**Exercise inputs**
=== Begin Enclosure ===

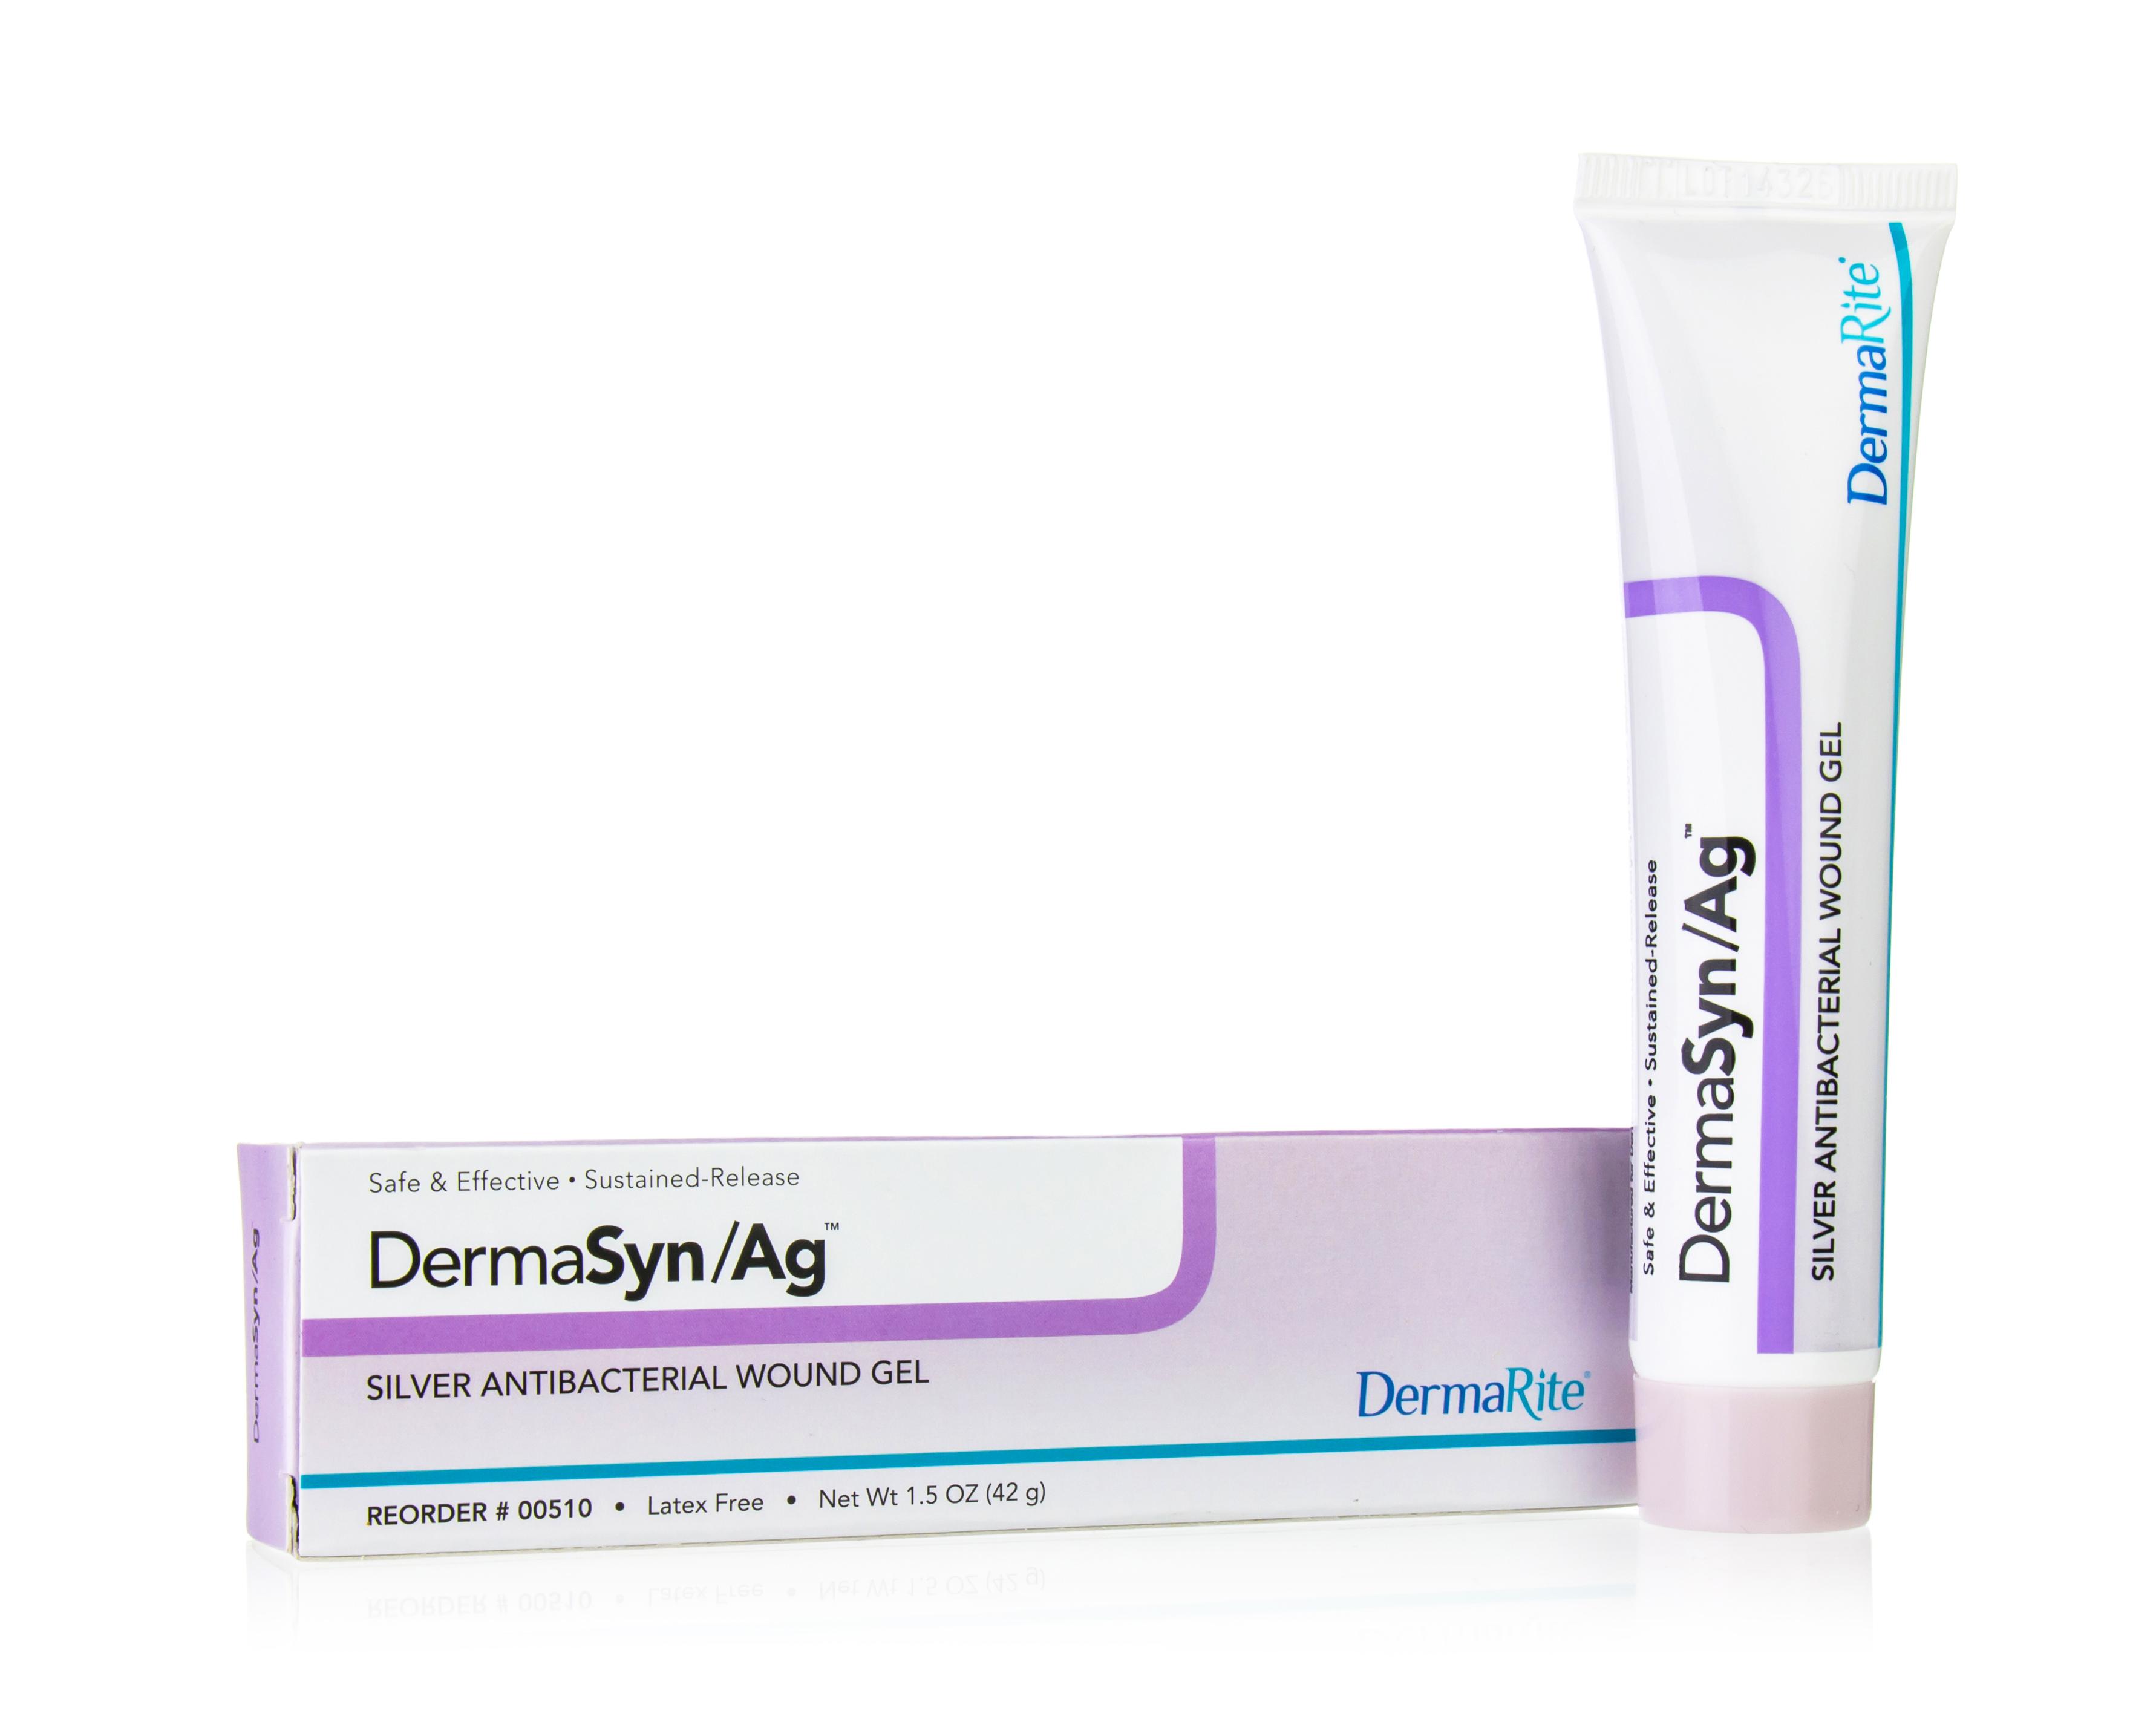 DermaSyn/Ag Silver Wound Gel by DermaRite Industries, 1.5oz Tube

=== End Enclosure ===
=== Begin Enclosure ===

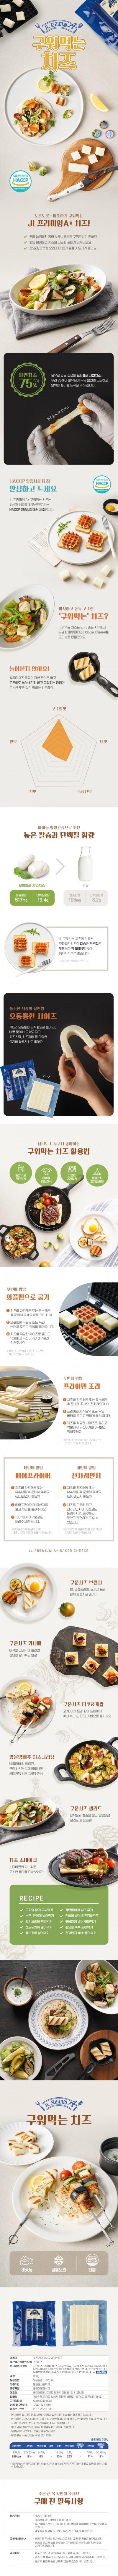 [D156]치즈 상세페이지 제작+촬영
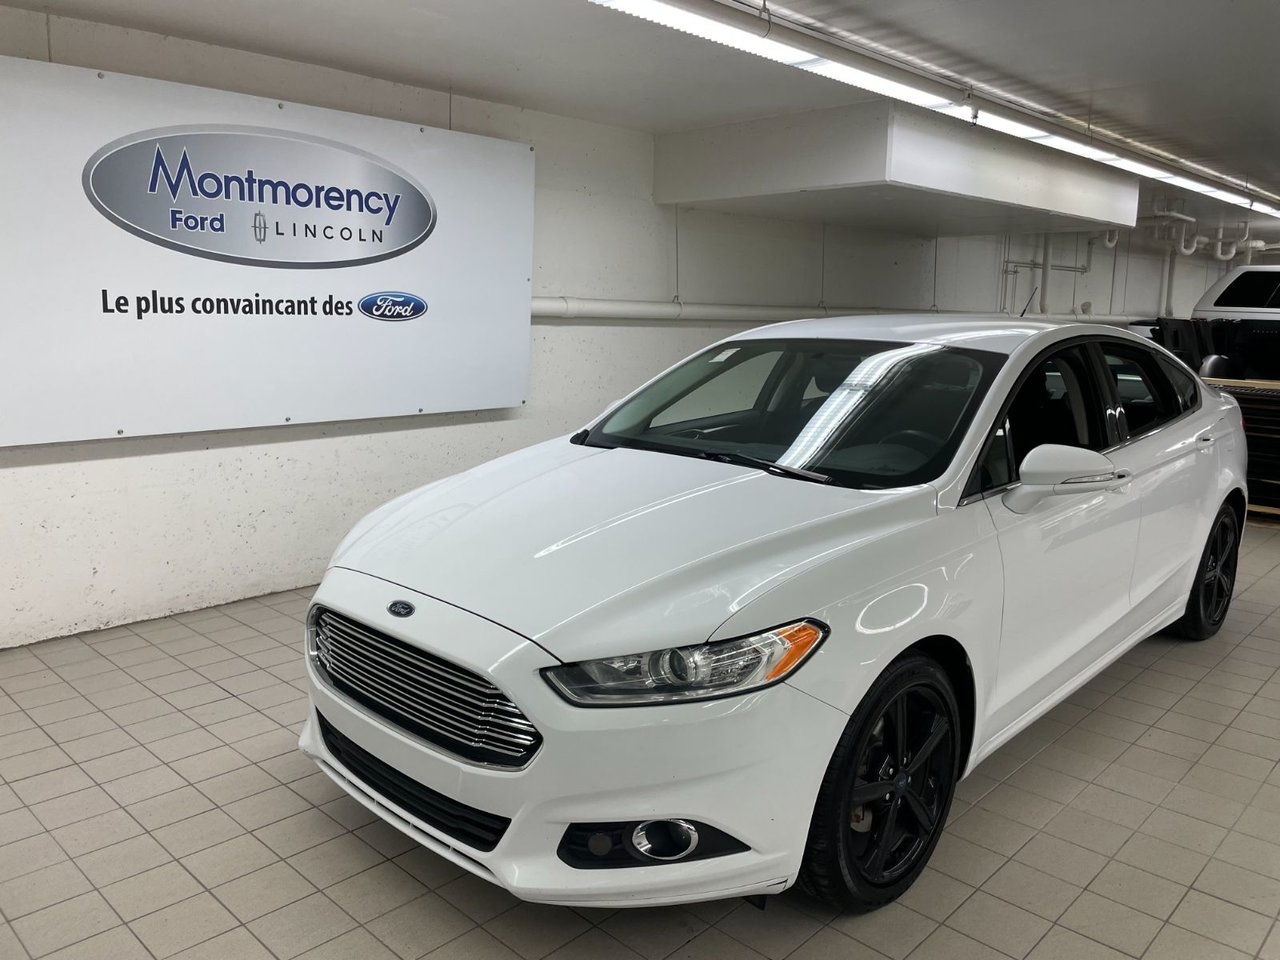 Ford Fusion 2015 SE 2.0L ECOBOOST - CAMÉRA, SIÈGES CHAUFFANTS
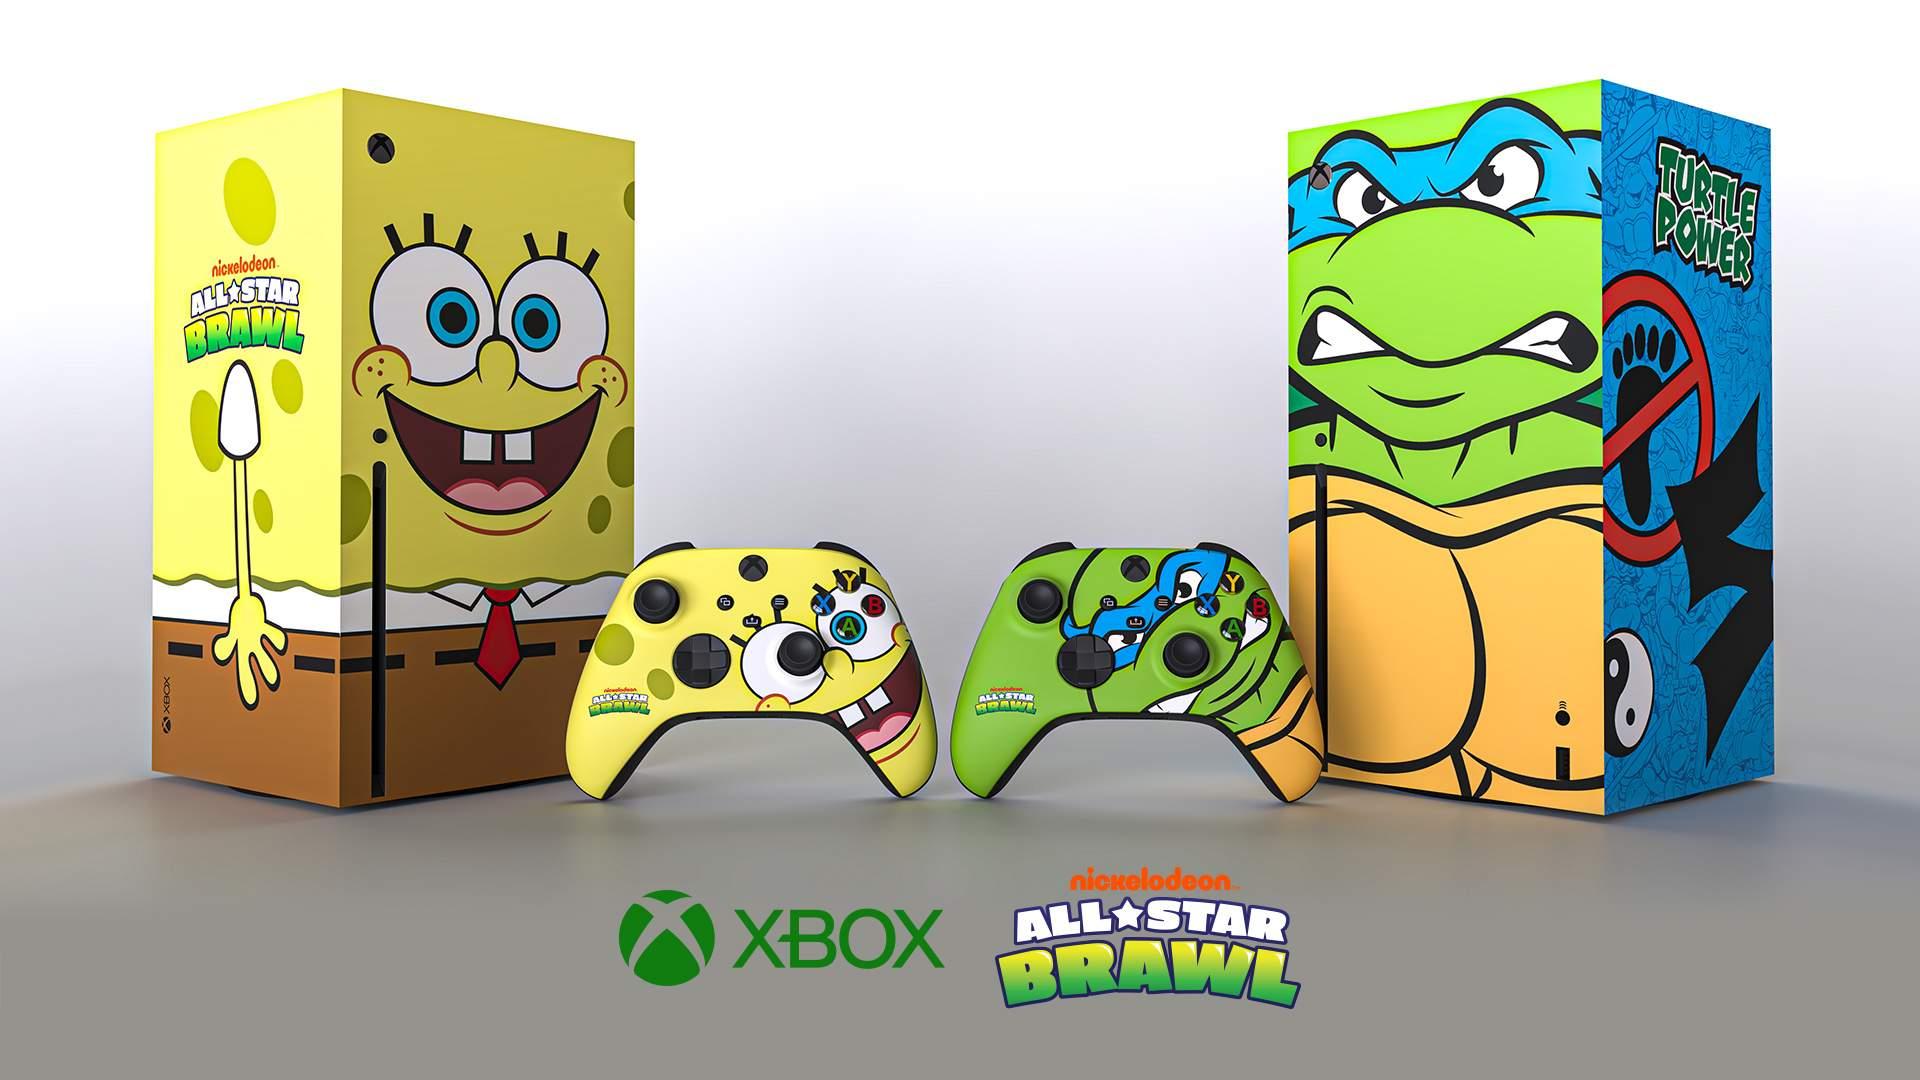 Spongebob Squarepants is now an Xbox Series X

=== End Enclosure ===
=== Begin Enclosure ===

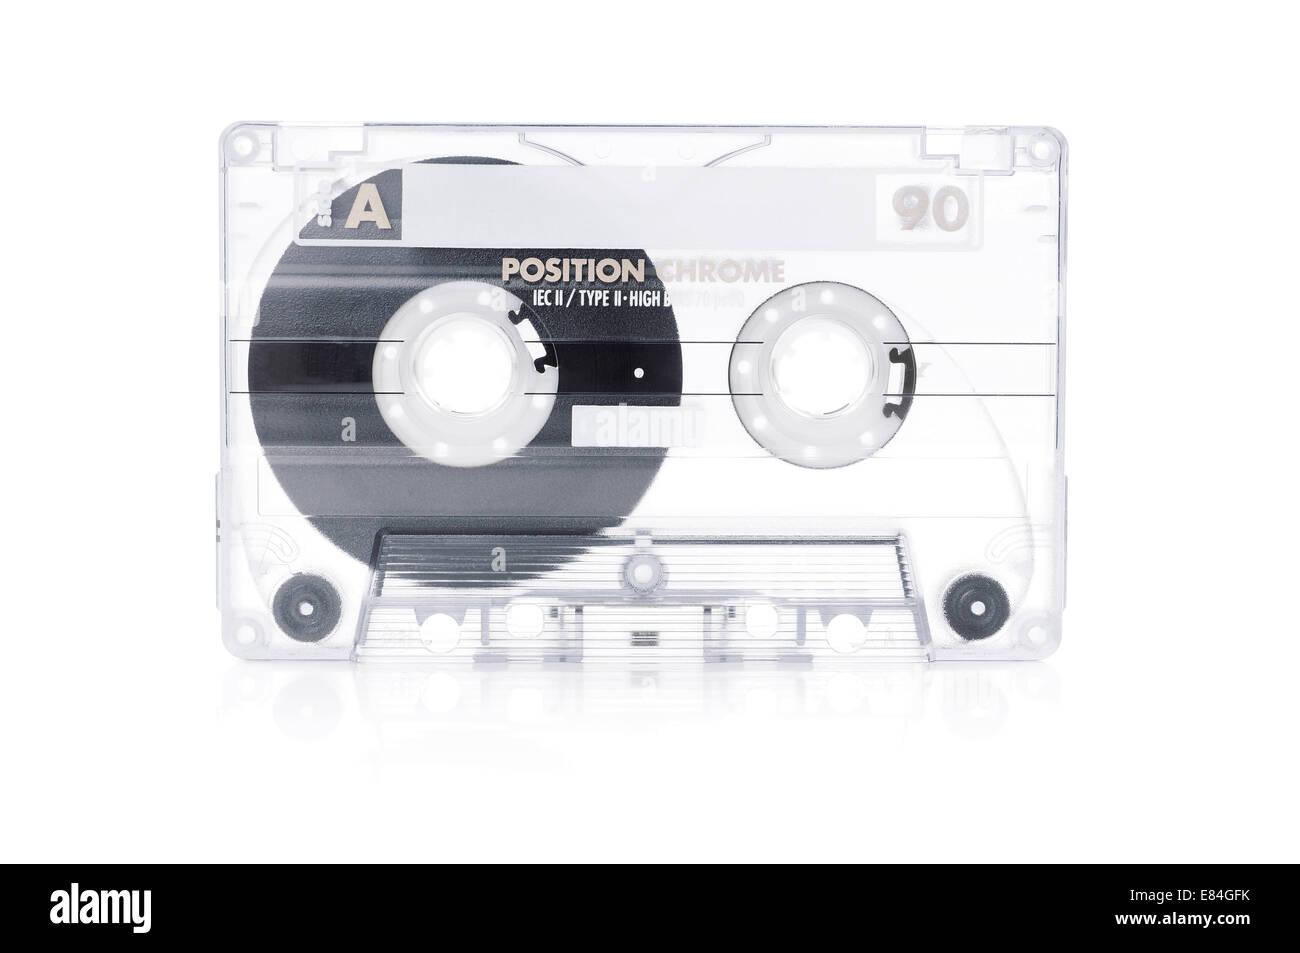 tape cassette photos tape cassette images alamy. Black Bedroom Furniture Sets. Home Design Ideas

=== End Enclosure ===

**Task requirements**
Each line above from the one containing "[D156]치즈 상세페이지 제작+촬영" through the one containing "Spongebob Squarepants is" is to be returned verbatim. Nothing else, and no pictures.

**Answer space**
 [D156]치즈 상세페이지 제작+촬영
 Ford Fusion 2015 SE 2.0L ECOBOOST - CAMÉRA, SIÈGES CHAUFFANTS
 Spongebob Squarepants is now an Xbox Series X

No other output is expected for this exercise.